Gastronomy - Pico Islands - Traditional Food Specialties - Azores

Torresmos de porco (small browned rashers of bacon), morcela (blood pudding), linguiça com inhames (Portuguese sausage with yams) and molha de carne (a meat speciality) are the main dishes of a cuisine which, with caldo de peixe (fish soup), polvo guisado em vinho (octopus stewed in wine) and bolo-de-milho (prepared with maize), delights ail hearty eaters. Those who like shell-fish will find worthy companions for their appetite in the local lobsters, deep-water crabs and cavacos. The soft, white fresh cheese of Pico is a good start to a meal, which can end with the typical, delicious cheese of São João, with its yellow rind, soft interior and intense smell, produced from cow's milk.
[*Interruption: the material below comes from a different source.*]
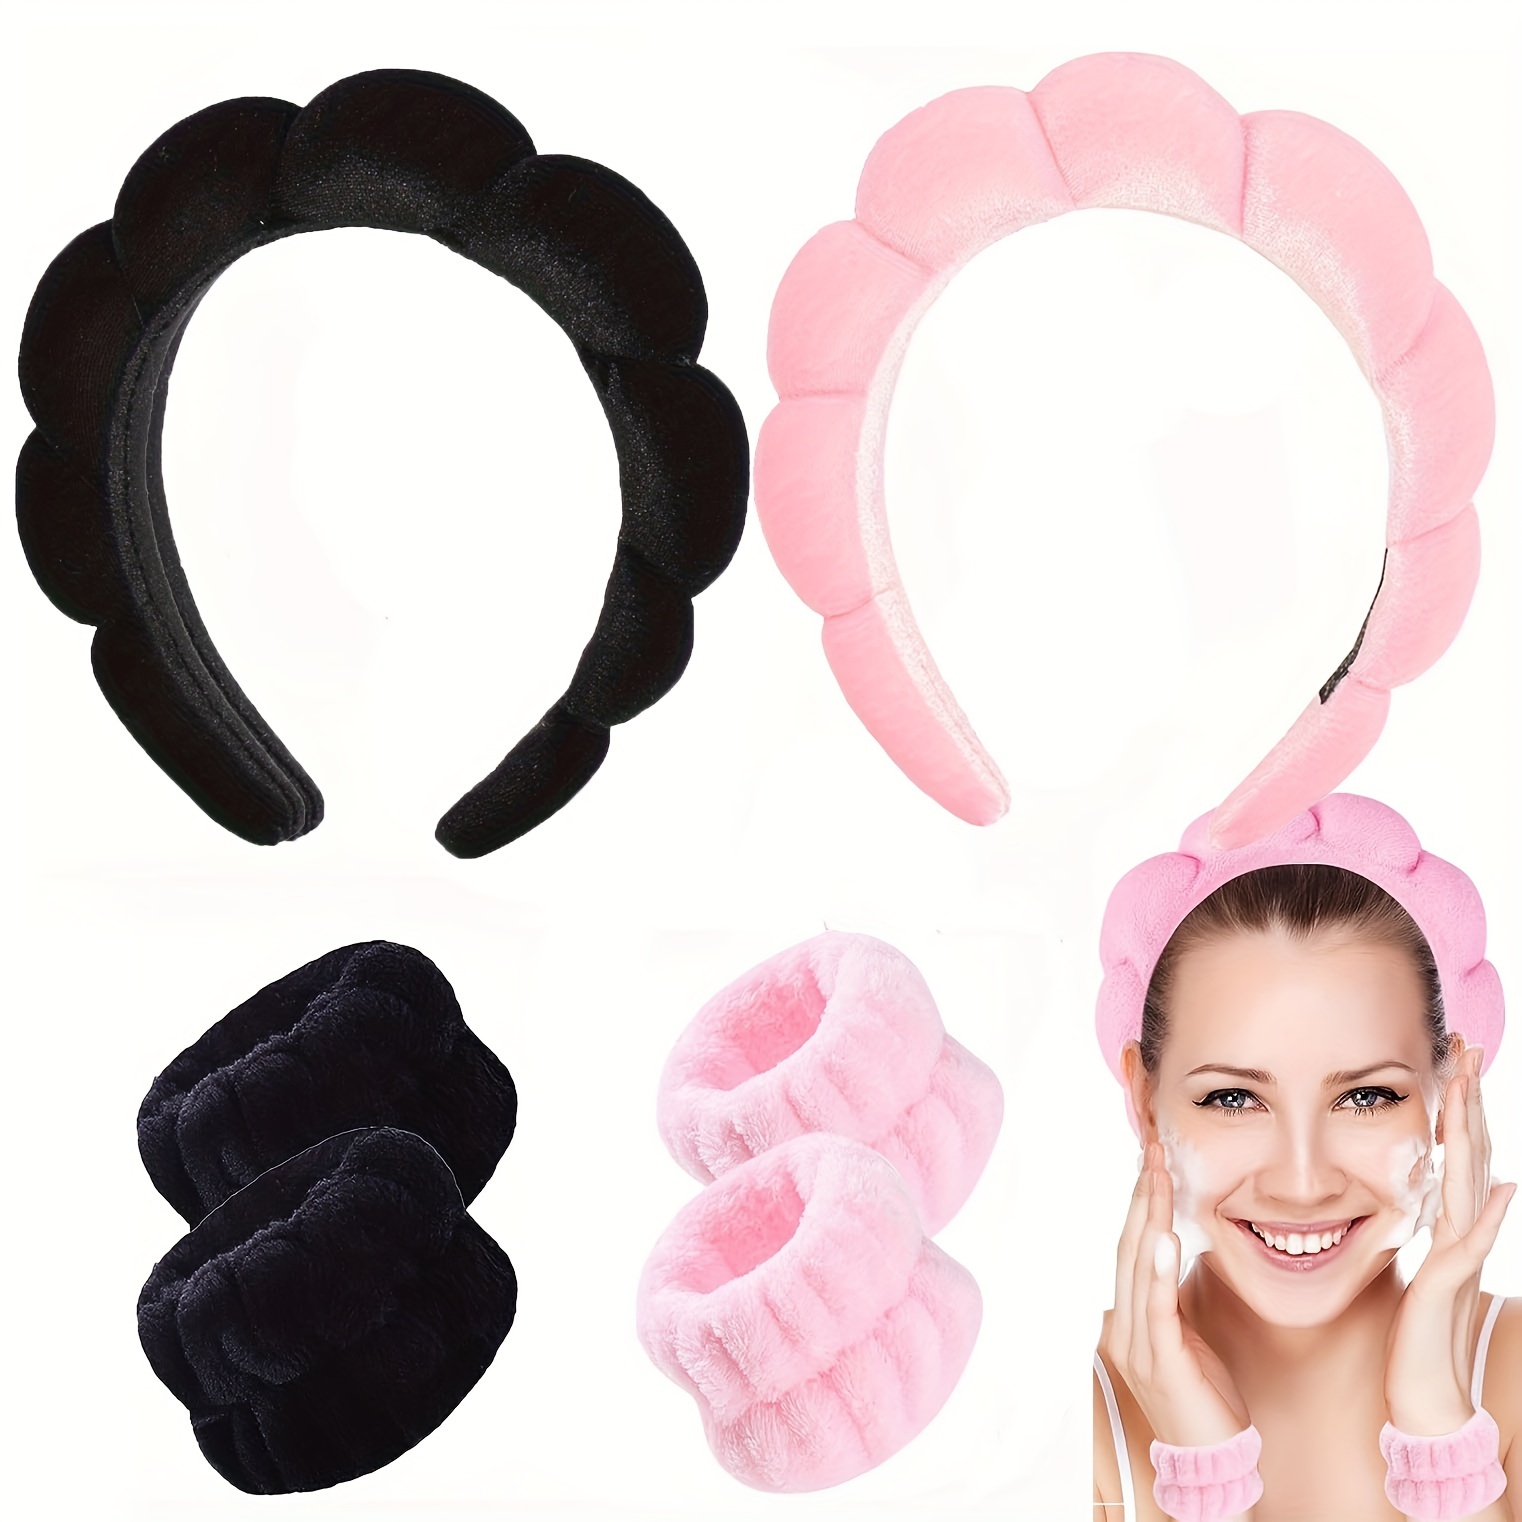 

3pcs/6pcs Spa Headband Wristband Set, Makeup Facial Headband And Wristband, Hair Accessories For Washing Face Spa Skincare Wear

Massa sovada, rosquilhas, vésperas and arroz doce are the typical sweets of the island, connected with the Holy Ghost Festivals. They are completed by the Carnival sweets, the filhoses, coscorões and sonhos. Fig and local brandies, made in old copper stills, are digestive beverages that are much appreciated. For those who like sweet drinks, Pico can offer the typical angelica.

Inhames

A famous "verdelho"
Born on the soil of lava, protected from the wind by walls of rough, dark stone, warmed by the rays of the sun, the bunches of grapes acquire the sweetness of honey. Squeezed, they produce a dry white wine with an alcoholic content of 15 to 17 degrees which, after ageing serves as an excellent appetiser. In the last century it was exported to many countries in Europe and America and even reached the tables of the Russian Court. The vineyards, which mark the landscape of the island, also produce a dry, fresh, light and fruity wine that is the ideal companion of a dish of shell-fish or fish, and also the red vinho de cheiro whose presence is compulsory on tables on feast days.

The orchard island
The ground made of lava, the sun and the dry climate make Pico the orchard of the Azores, where apple and pear trees, damson and peach trees, plum and orange trees flourish and produce sweet, juicy fruits that are taken early in the morning on the fruit boats to the town of Horta by the men and women who sell them there. But it is the figs, with an interior that is as red as rubies, a true delicacy for gourmets, that best symbolise the delicious fruit of Pico.